### What needs to be done
Drop every picture, then transcribe the remaining data exactly.

### Data extract
>>>>
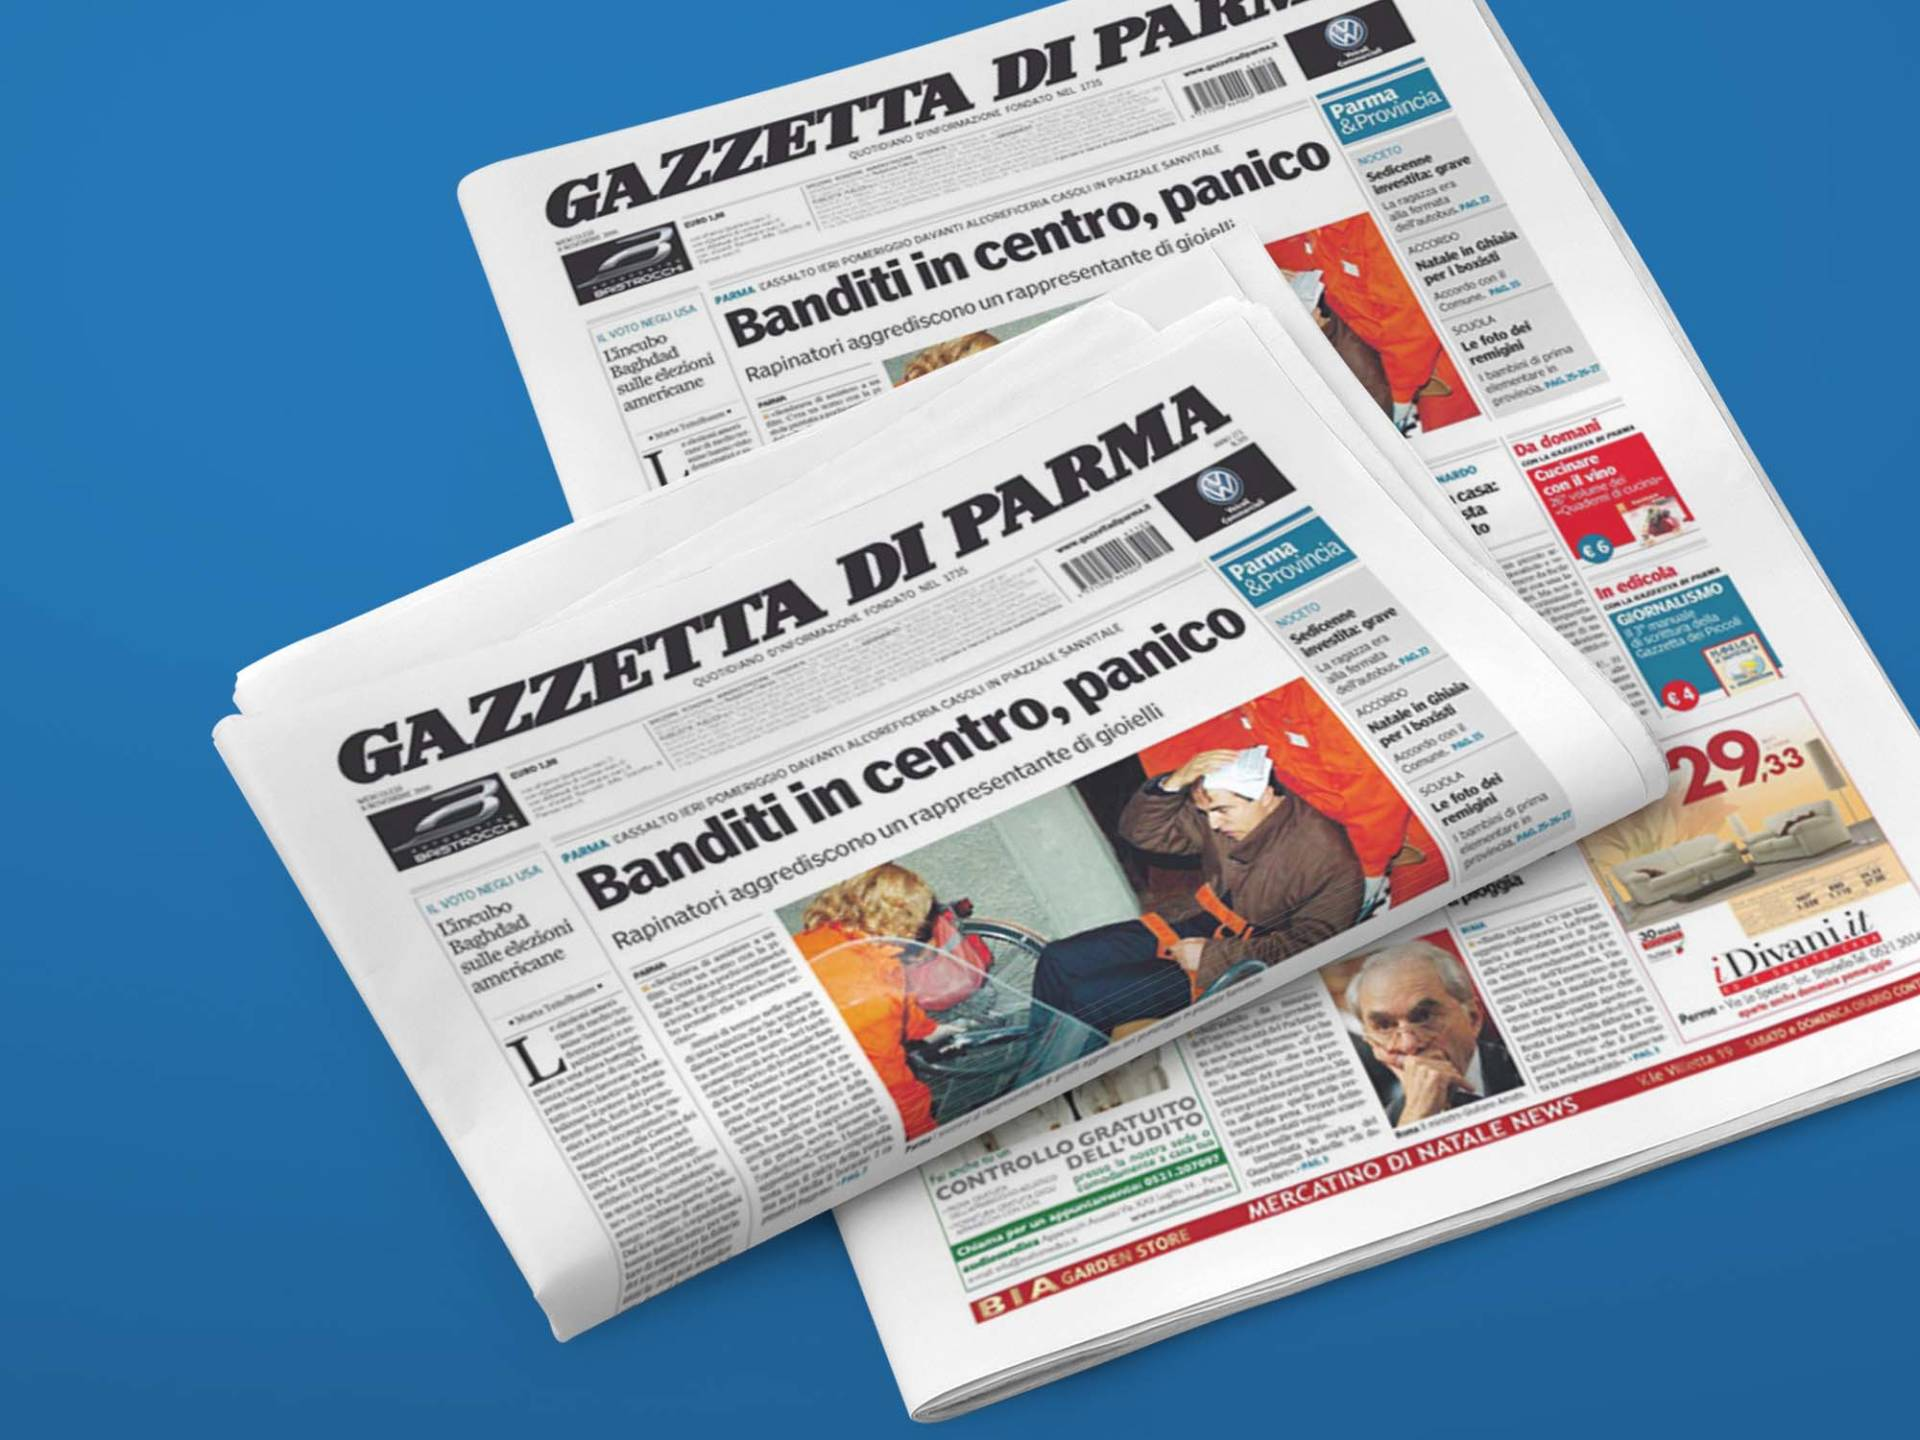 Gazzetta_di_Parma_01_Wenceslau_News_Design
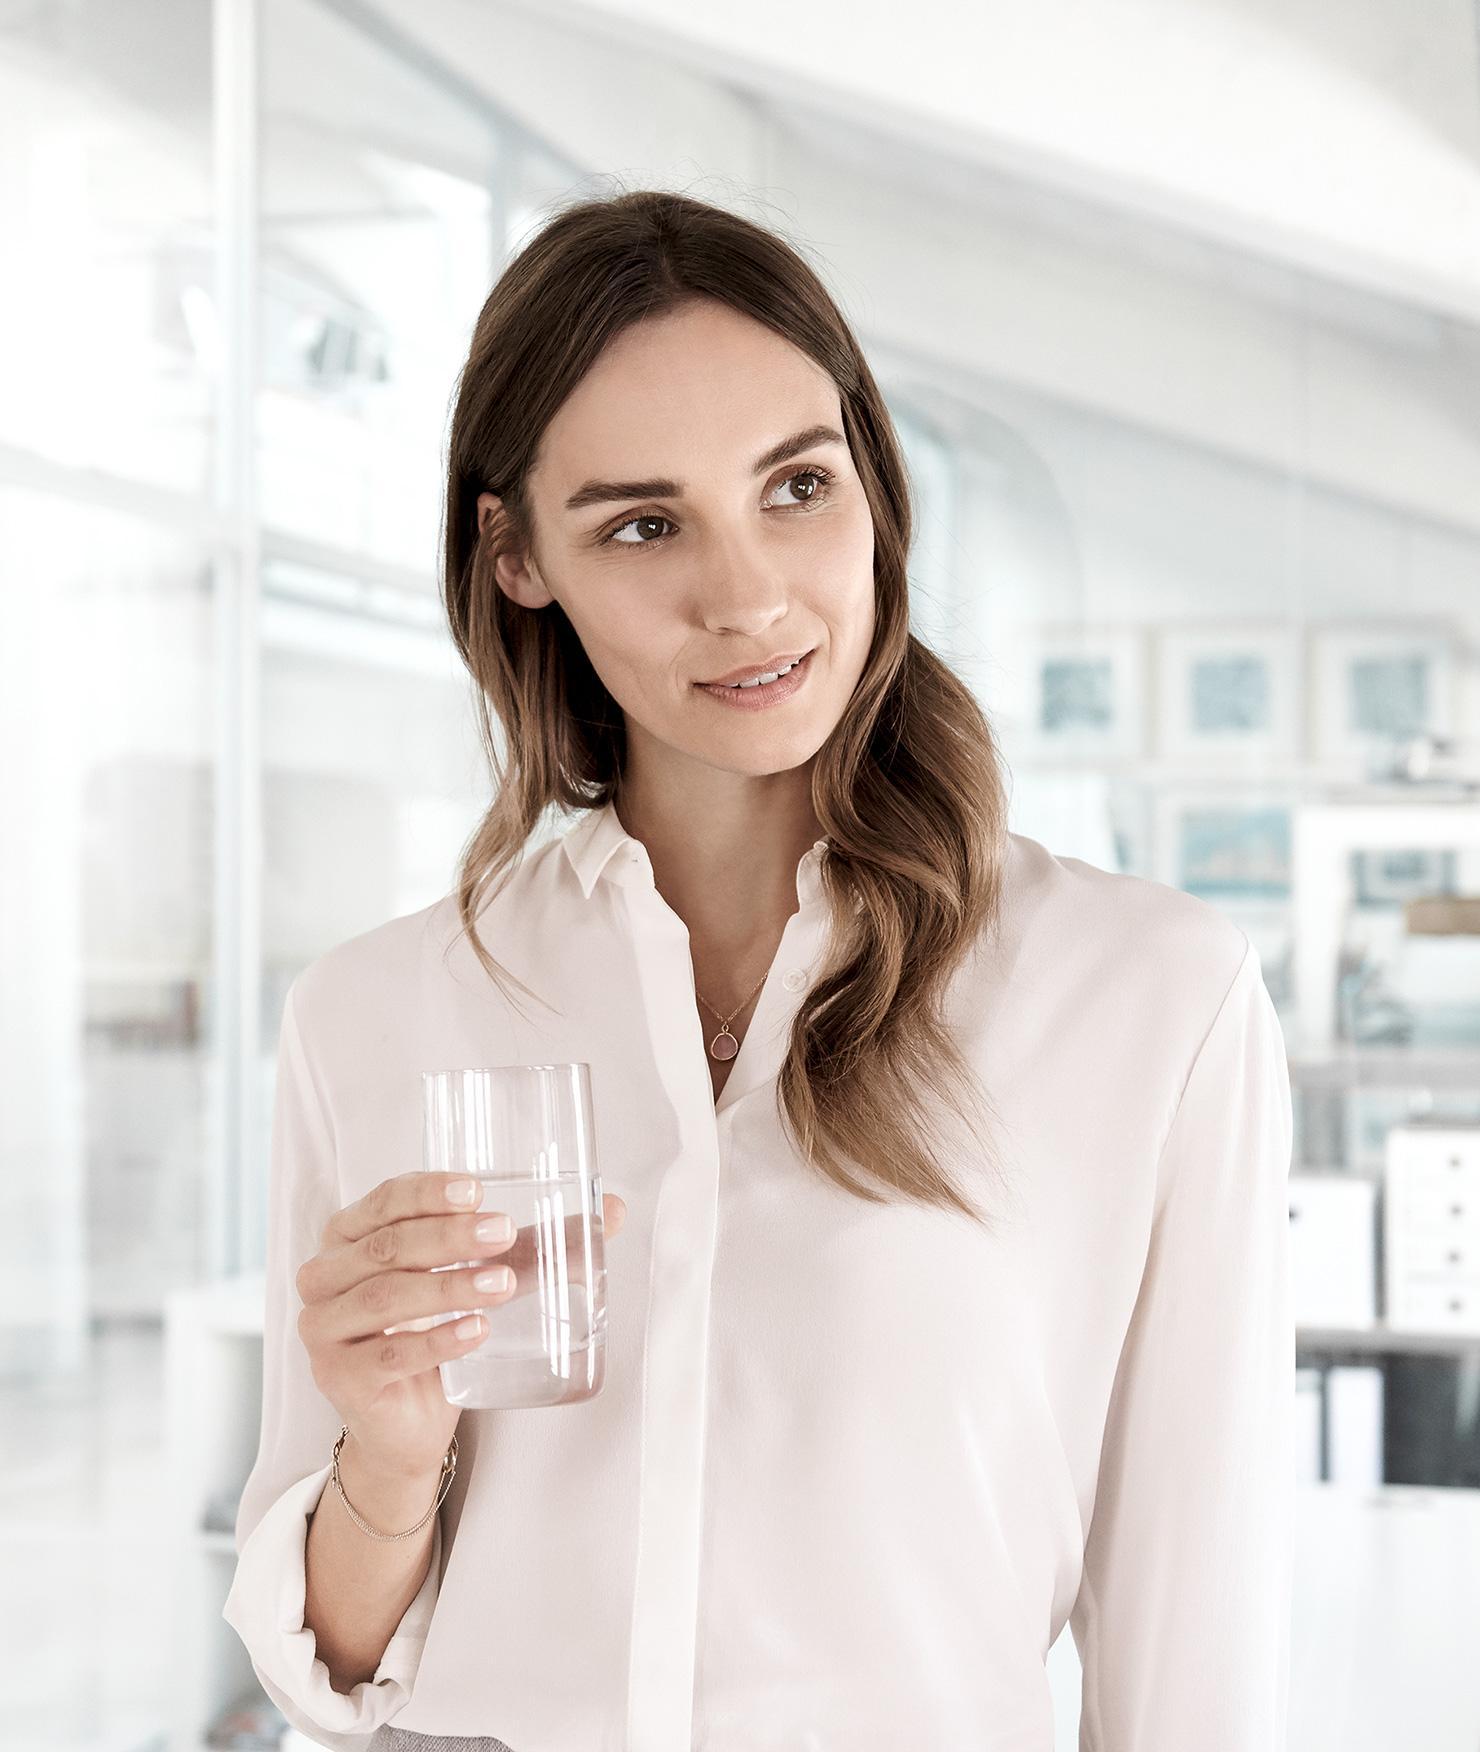 BRITA filter PURITY C 1000 AC office woman glass
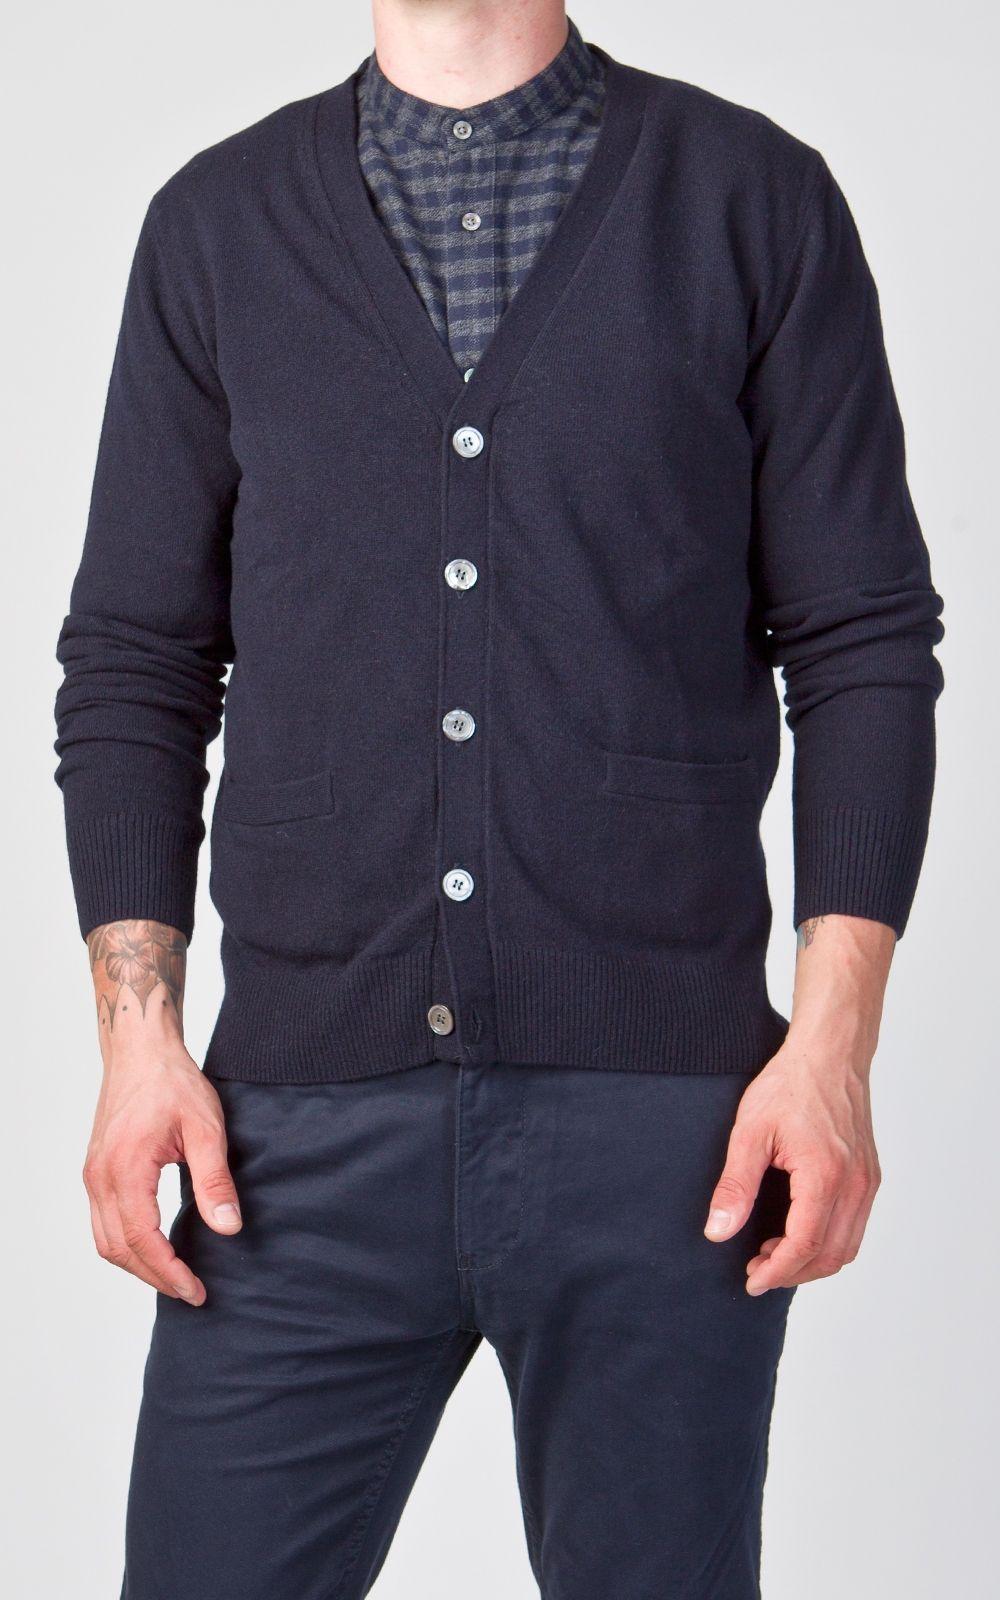 NN.07 Jonathan Fine Merino Wool Cardigan Navy Blue | Best Raw ...
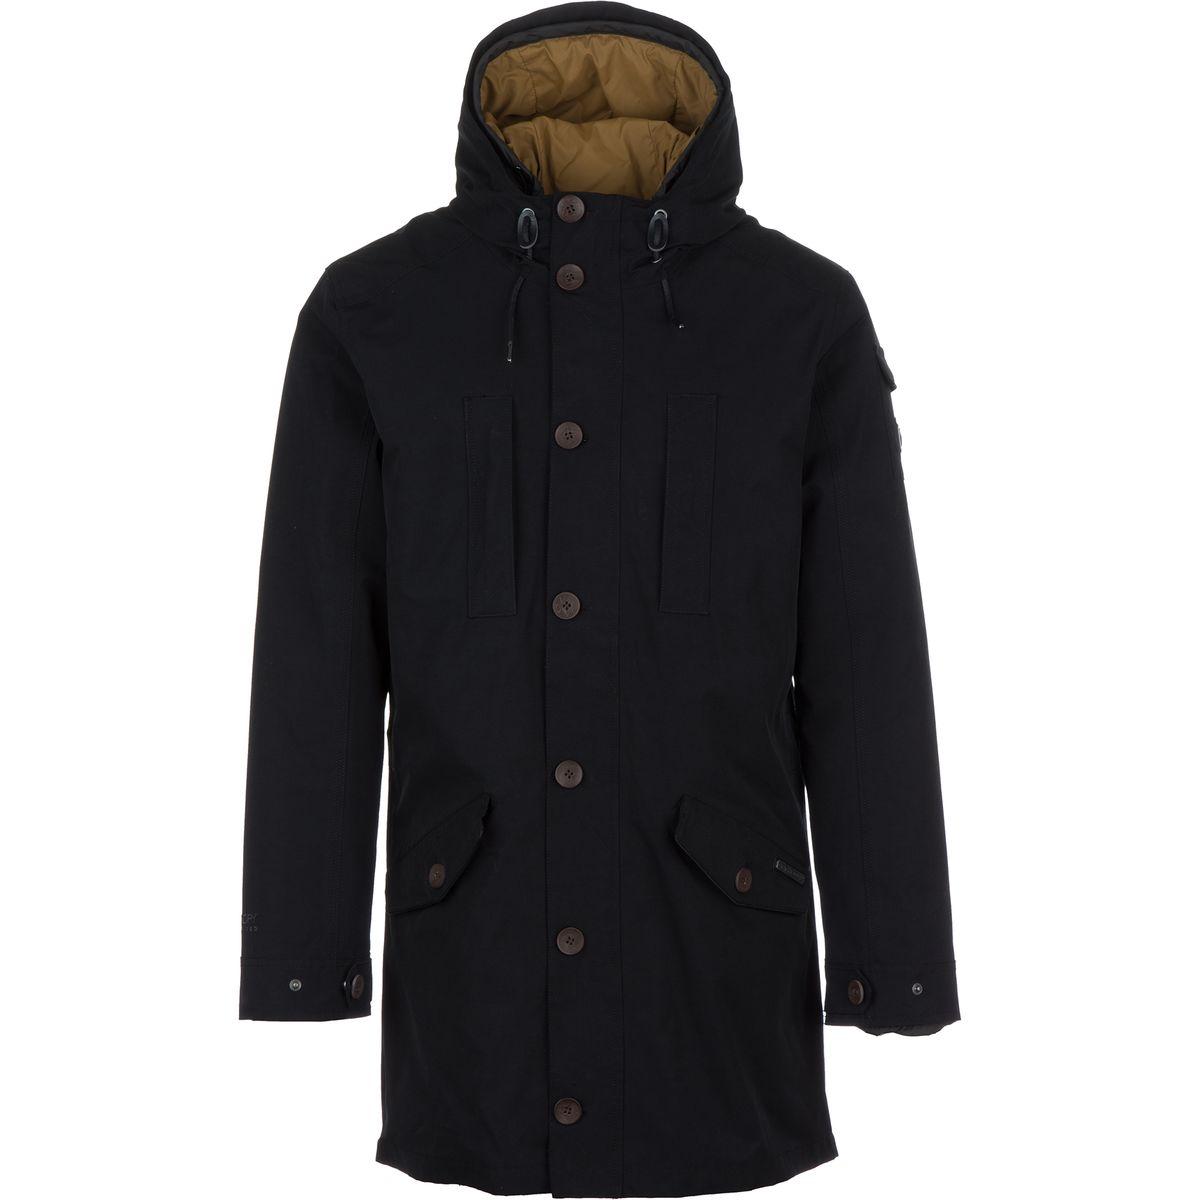 Craghoppers 364 3-In-1 Hooded Jacket - Men
<<<<
### Task answer
 Gazzetta_di_Parma_01_Wenceslau_News_Design
 BRITA filter PURITY C 1000 AC office woman glass
 NN.07 Jonathan Fine Merino Wool Cardigan Navy Blue | Best Raw ...
 Craghoppers 364 3-In-1 Hooded Jacket - Men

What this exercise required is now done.